Simply start following the #coverstorychallenge hashtag on LinkedIn and let me know you are stepping up for the challenge! So far, fantastic professionals including Palak Narang, Alison Bucklin, Philip Wilkerson III, Sabrina Woods, and more have joined me and Cathy. We welcome more.
This is a positive, supportive we are all challenging each other to get our cover story (30 second intro video) on LinkedIn created, recorded, and posted by June 28th, 2021.
➡️DM me on LinkedIn or follow #coverestorychallenge if you want to join in!
I can't wait to share all the creative tips and thoughtful guidance we all learn about when using the new feature. I will post an article that includes everyone who wants to share that information after the #coverstorychallenge is over.
Below are some of my favorite examples SO far of professionals using the LinkedIn cover story feature. When you visit their profiles, you will usually see their picture instantly change to moving video. If you don't see that happening (sometimes it doesn't do that on a desktop for example), then click on their profile picture. If they have a cover story recorded, it will play.
Go on a fun journey right now and check out the profiles below.
Notice how each person uses many elements of the ACE strategy to communicate their professional value in a memorable, engaging way.
In this first example, Jenn keeps it simple yet powerful. I love that her LinkedIn cover story video also includes clear calls to action so her work can impact more people.
This next example by Jane shows you how to communicate with confidence and clarity. You can sense she loves her work and helping others when you watch her LinkedIn cover story.
David hits all the elements of the A.C.E. strategy and takes it up several notches by sharing his adventurous spirit and captioning his cover story, doesn't he?
And here is one more to get your creative juices flowing.
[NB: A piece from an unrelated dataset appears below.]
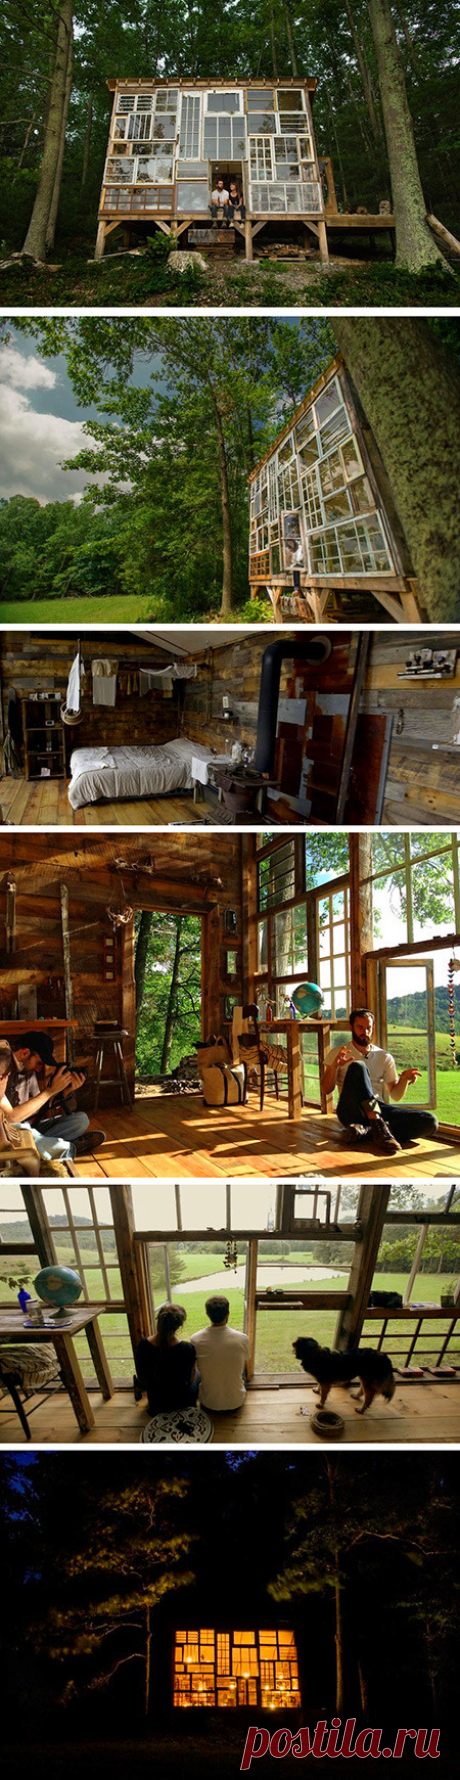 6 Pictures of a Beautiful Cabin in the Woods Built for $500, Made from Discarded Windows - TechEBlog

Jessi aligns her cover story wonderfully with one of her top gifts she shares with the workforce weekly, her podcast Hello Monday.
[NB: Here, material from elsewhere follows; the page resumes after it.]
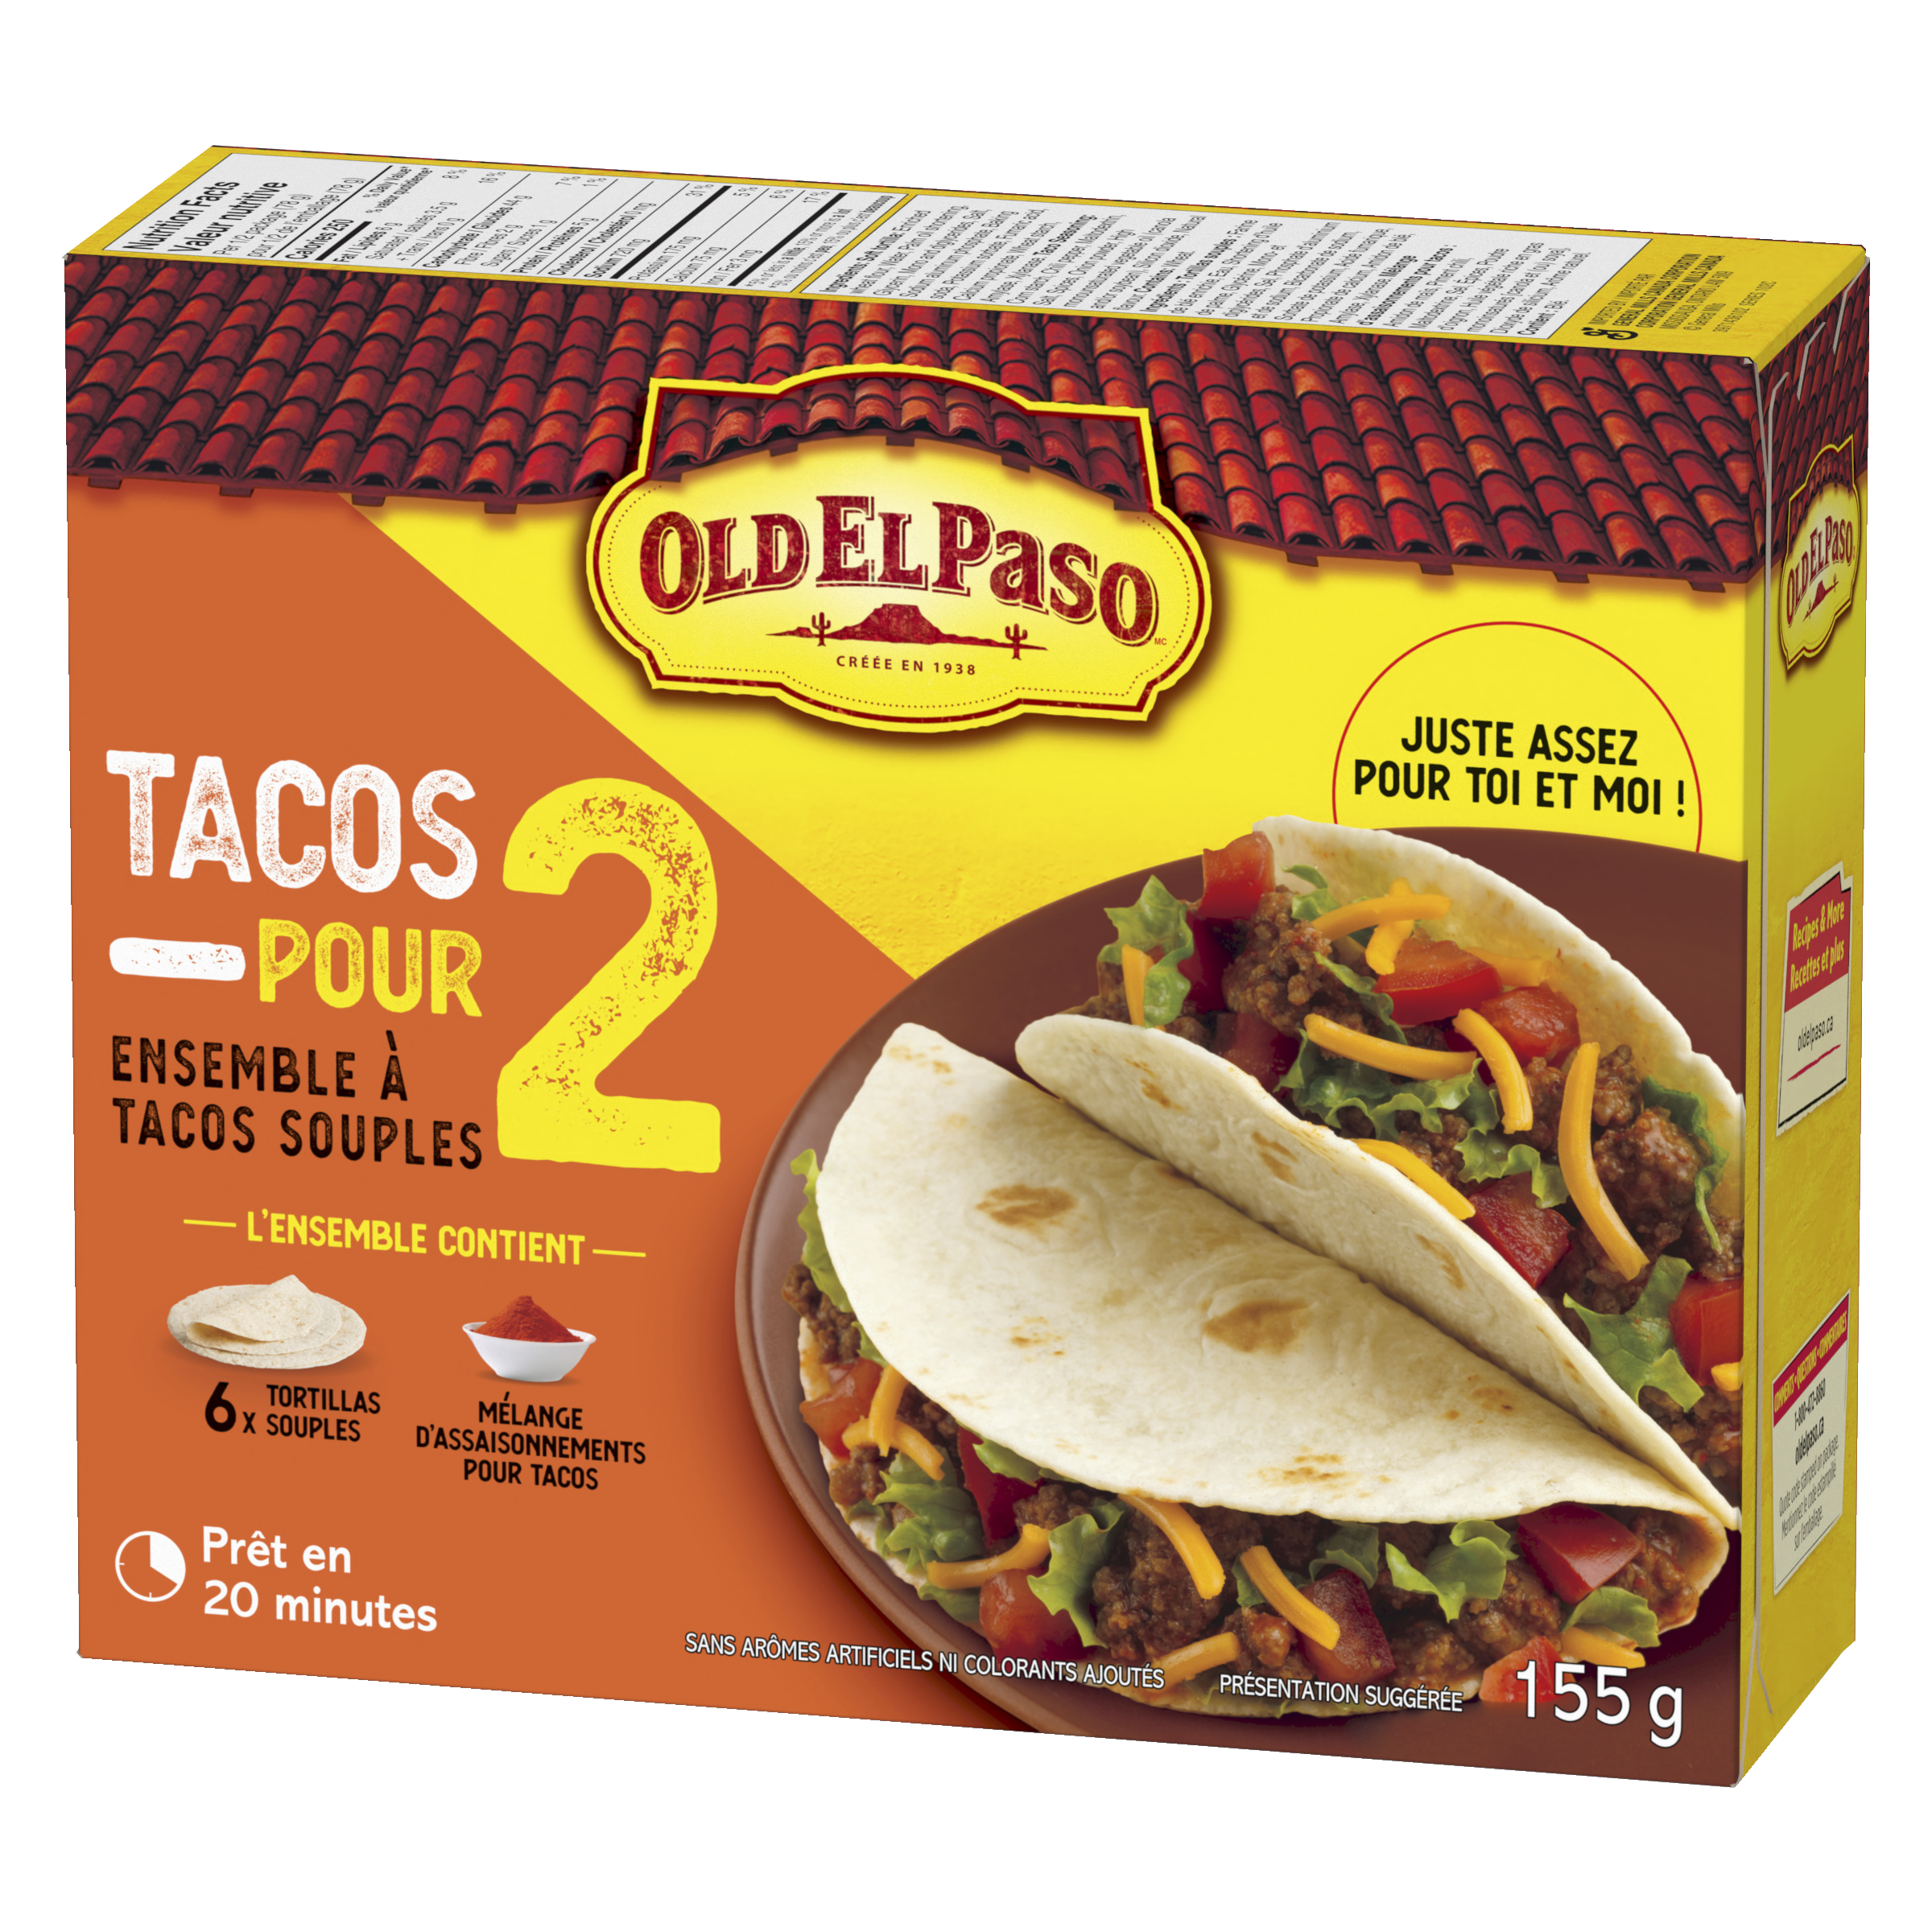 Tacos for Two Soft Taco Dinner Kit

I hope you take the time to visit these profiles to see the incredible, professional value each person offers. Watching their cover stories has inspired me to come up with ideas for mine.
It also has put me on the search for how people are using it who want to be seen and employed by corporations, organizations, government and other businesses. What about professionals who want to be seen and employed by corporations, organizations, government and other businesses, rather than stay self-employed or keep working for LinkedIn? As diverse examples increase of how to use the new feature, it is likely many more people who are actively looking to switch careers or be employed at a different opportunity will create a cover story and keep it updated.
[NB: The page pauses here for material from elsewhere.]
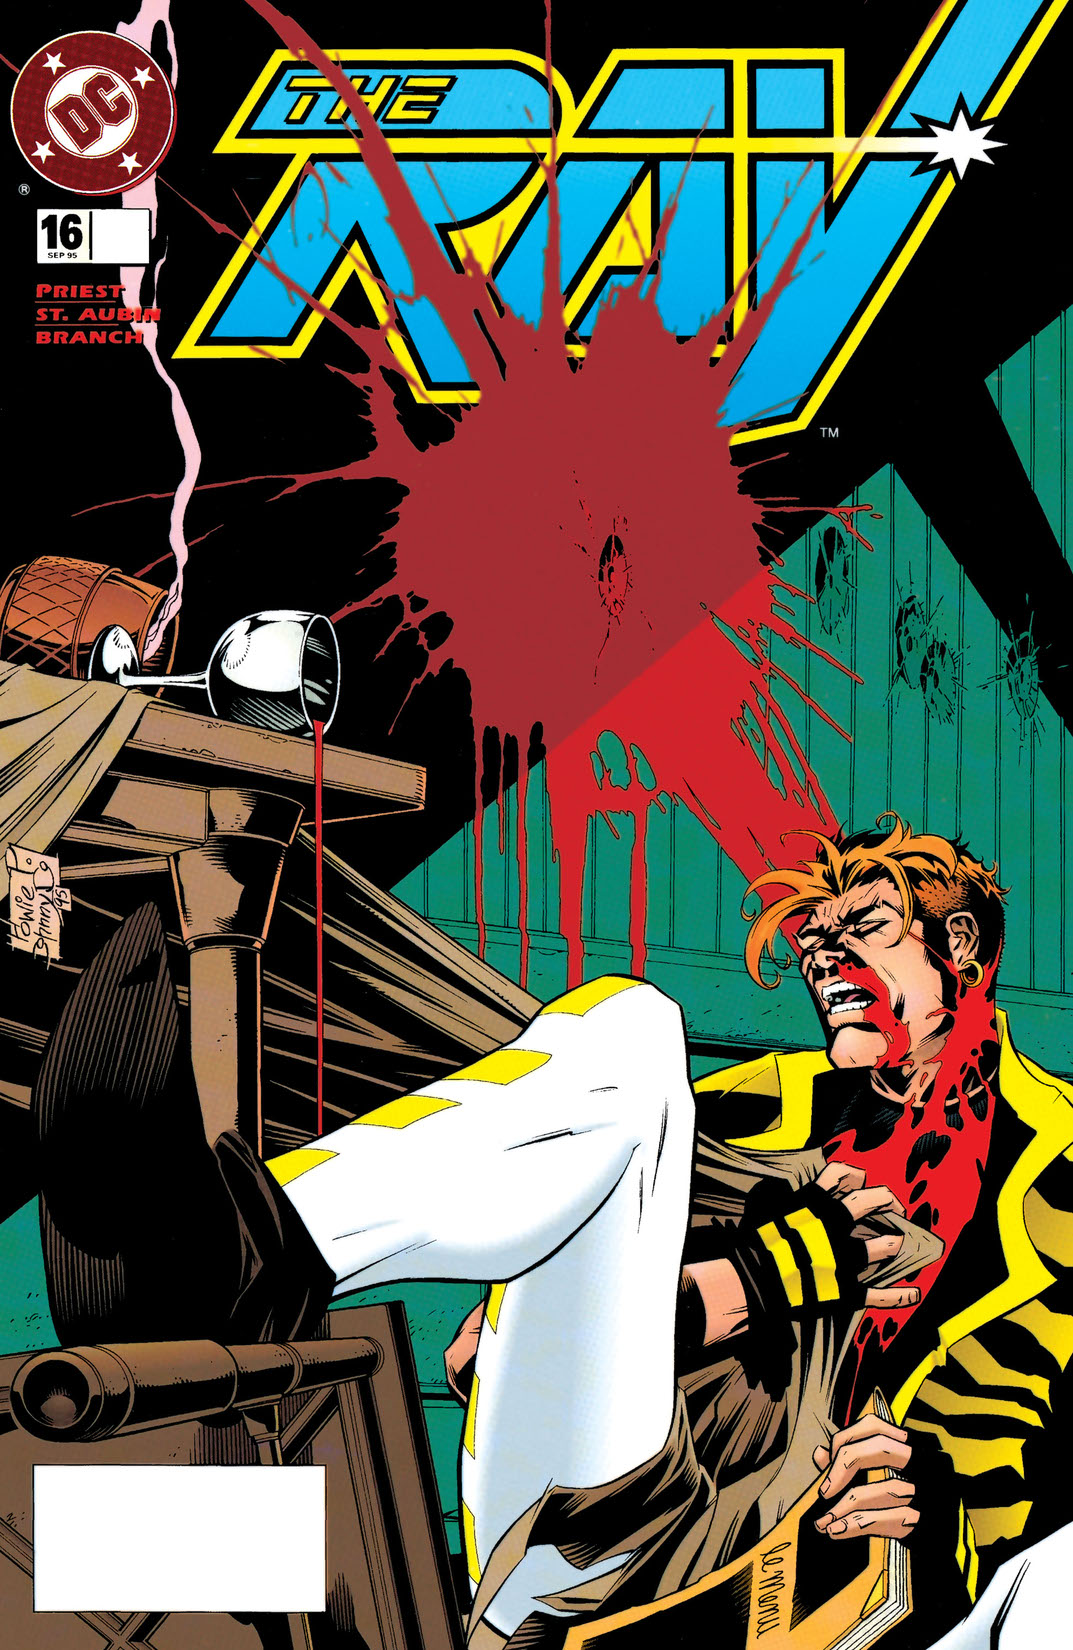 The Ray (1994-) #16 preview images

After I get mine posted during the #coverstorychallenge, helping others learn how to create an engaging video for their cover story will become a common project with those I coach. I love how technology is continuing to challenge us all to evolve how we communicate about our professional value.
🥂Here's to gently stretching outside our comfort zones and supporting each other to A.C.E our LinkedIn cover stories!
Your turn: How will you use the ACE strategy to create your 30 second LinkedIn cover story on your profile? Do you also plan to use it to upgrade your introduction at an interview when you hear, "Tell me about yourself?"
If you think your LinkedIn cover story is Authentic, Captivating, and Effective, I'd love to hear from you. It would be fun to possibly add your tip about creating them to my next blog post and article on LinkedIn.
As always, count me in your corner to help you shine in the hot seat.
About The Author
Shea Ki is the creator of the Upgrade My Interview™ method and resources that help you gain the calm, clarity, and confidence needed for career momentum. Her holistic approach and practical guidance have been featured in several publications and she is often included on lists of people to follow for career success on social media.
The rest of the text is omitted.